As the heated debate on why Kenyan music is not on the radio continues, stations have come out to pledge their support and increase the local airtime.
Kenyan artists have been complaining about Bongo artists and Nigerians taking over local music space despite local artists producing quality projects.
Playing 70% international
Popular radio station Kiss FM has now come out to explain how they pick songs that get heavy rotation. According to the Program Controller, 30% local content only has been airing so far. 70% is international.
The controller also shared that Khaligraph shouldn’t complain at all because he was one of the most played artists in 2018 in the station.
Here’s the full interview published in their website:
1. What percentage of local music is played?
Kiss I think we are playing 30% Kenyan music and Khaligraph should not be one to complain because he was heavily played last year.

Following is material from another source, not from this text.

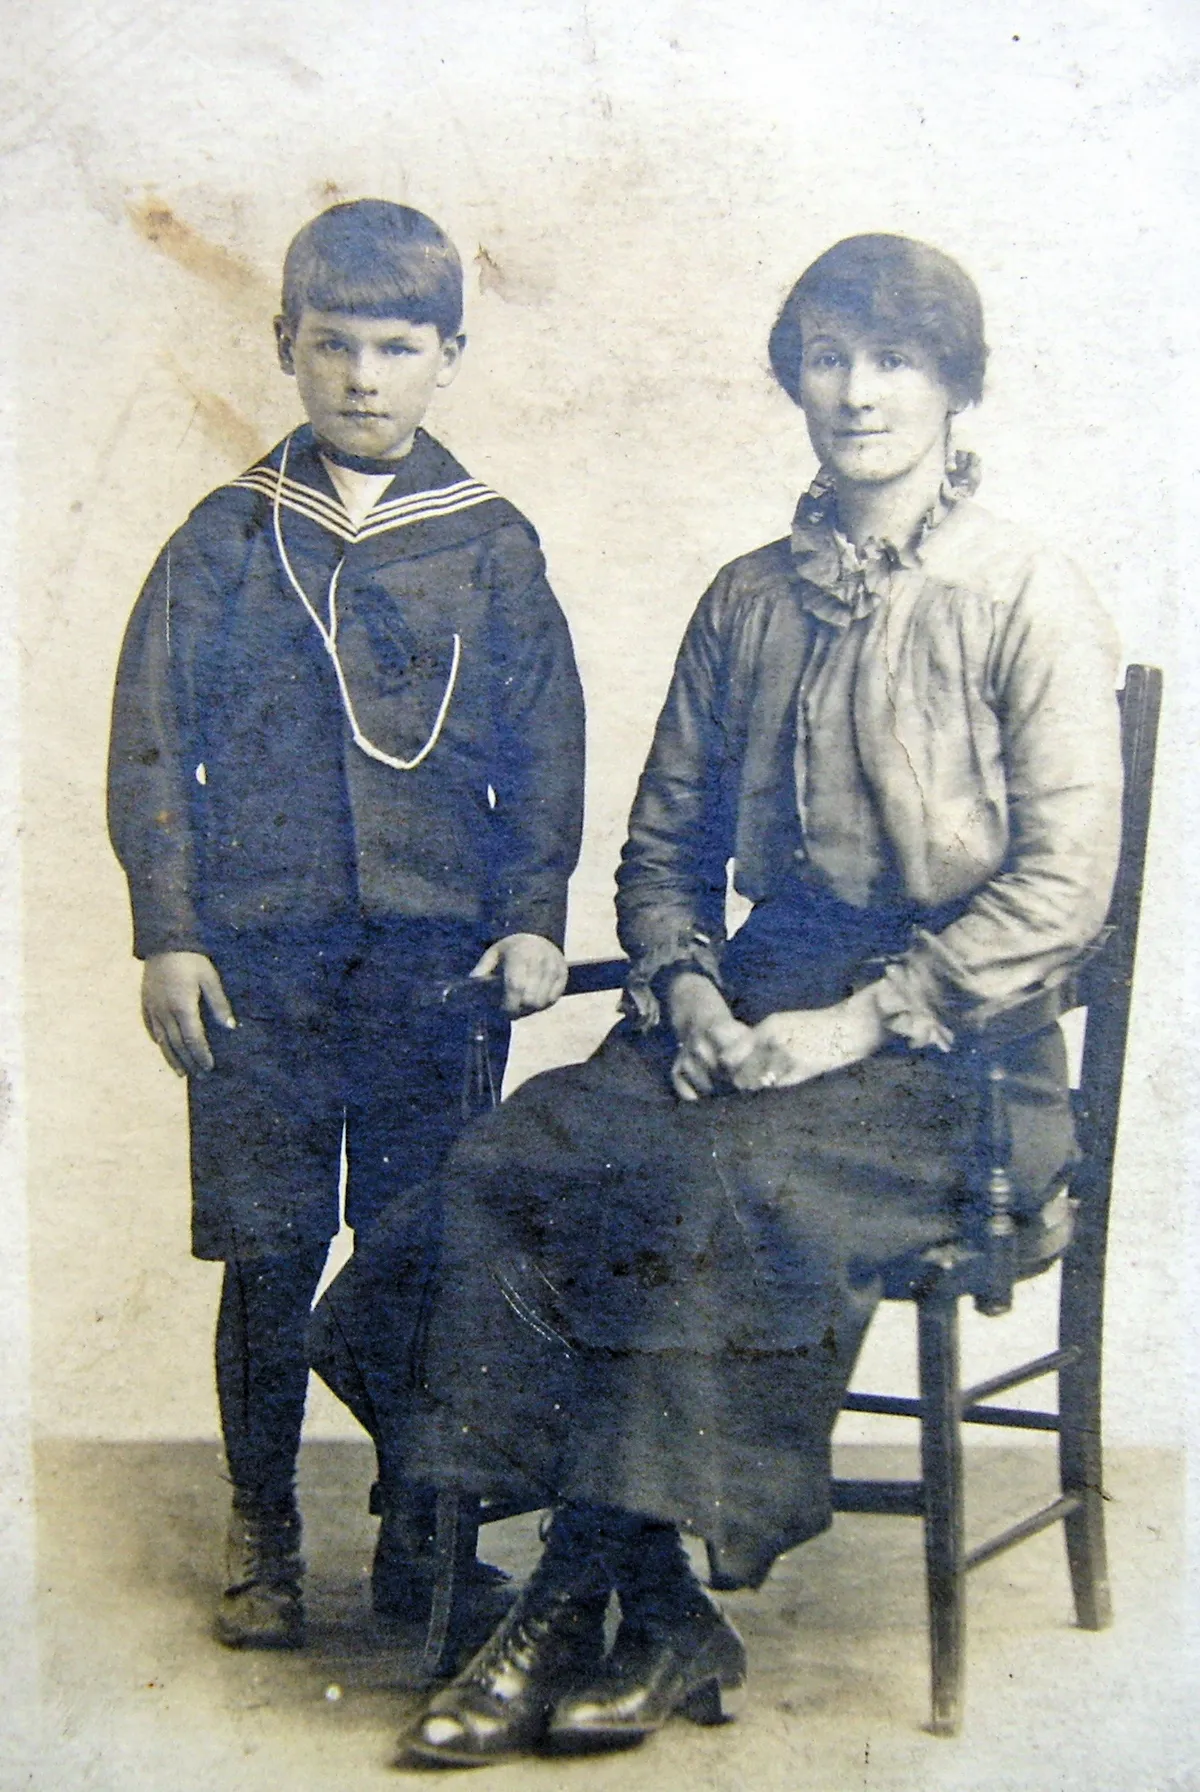 Black and white photograph of a woman sitting on a chair and a little boy in a sailor suit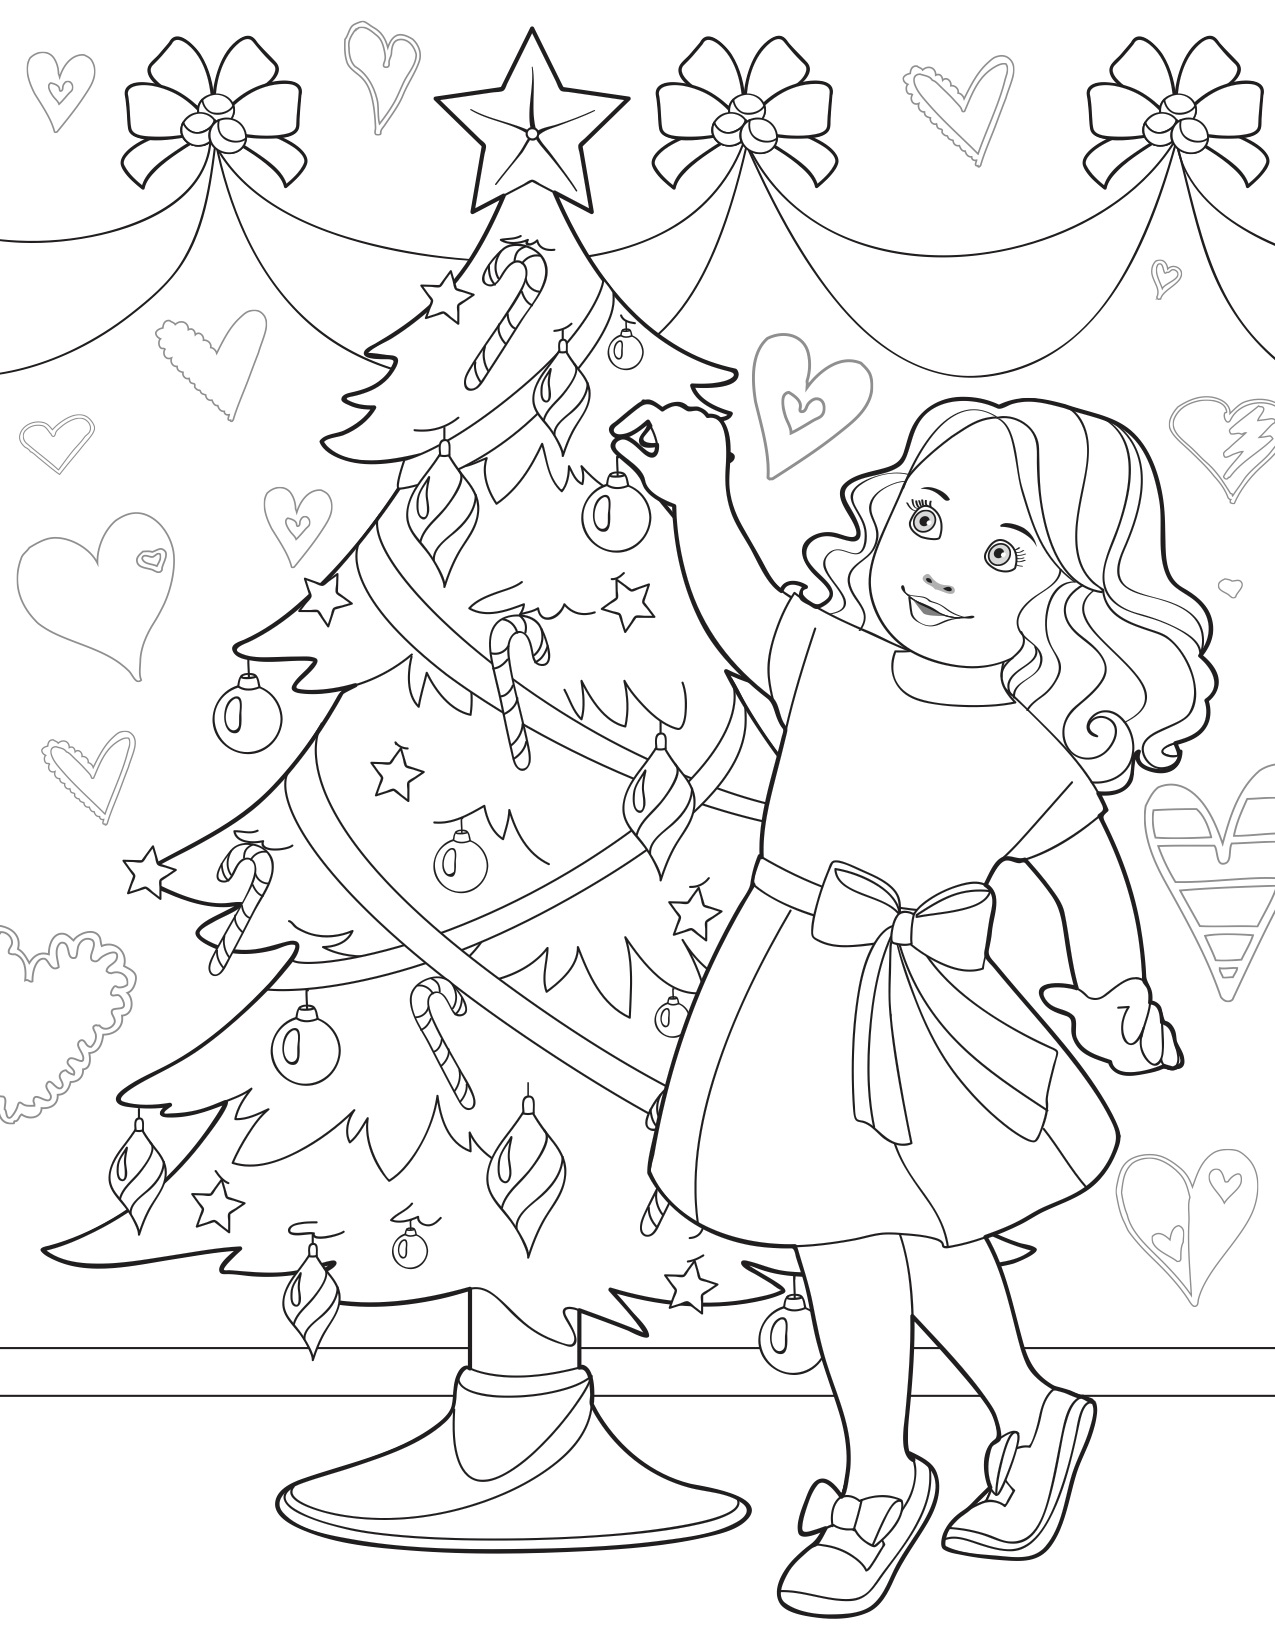 https://ourgeneration.com/wp-content/uploads/OurGeneration_ColoringSheet_Holidays.jpg

2. How do you choose which songs should be played on air?
They are considered based on merit. If a song is good it will be played. We have a music panel that sits every week and goes through all the submissions for that week, both international and local and then based on availability of space to add new songs, we pick the songs that are going to be added for that week. The music added also depends on how many songs we have also dropped because we play a fixed size of a database. We don’t just keep adding songs.
3. Who curates music?
Curation is done by the programme controller basically and music schedulers but also we have an automation software where we set some rules and then it does most of the work and then basically everything is as we want it to be.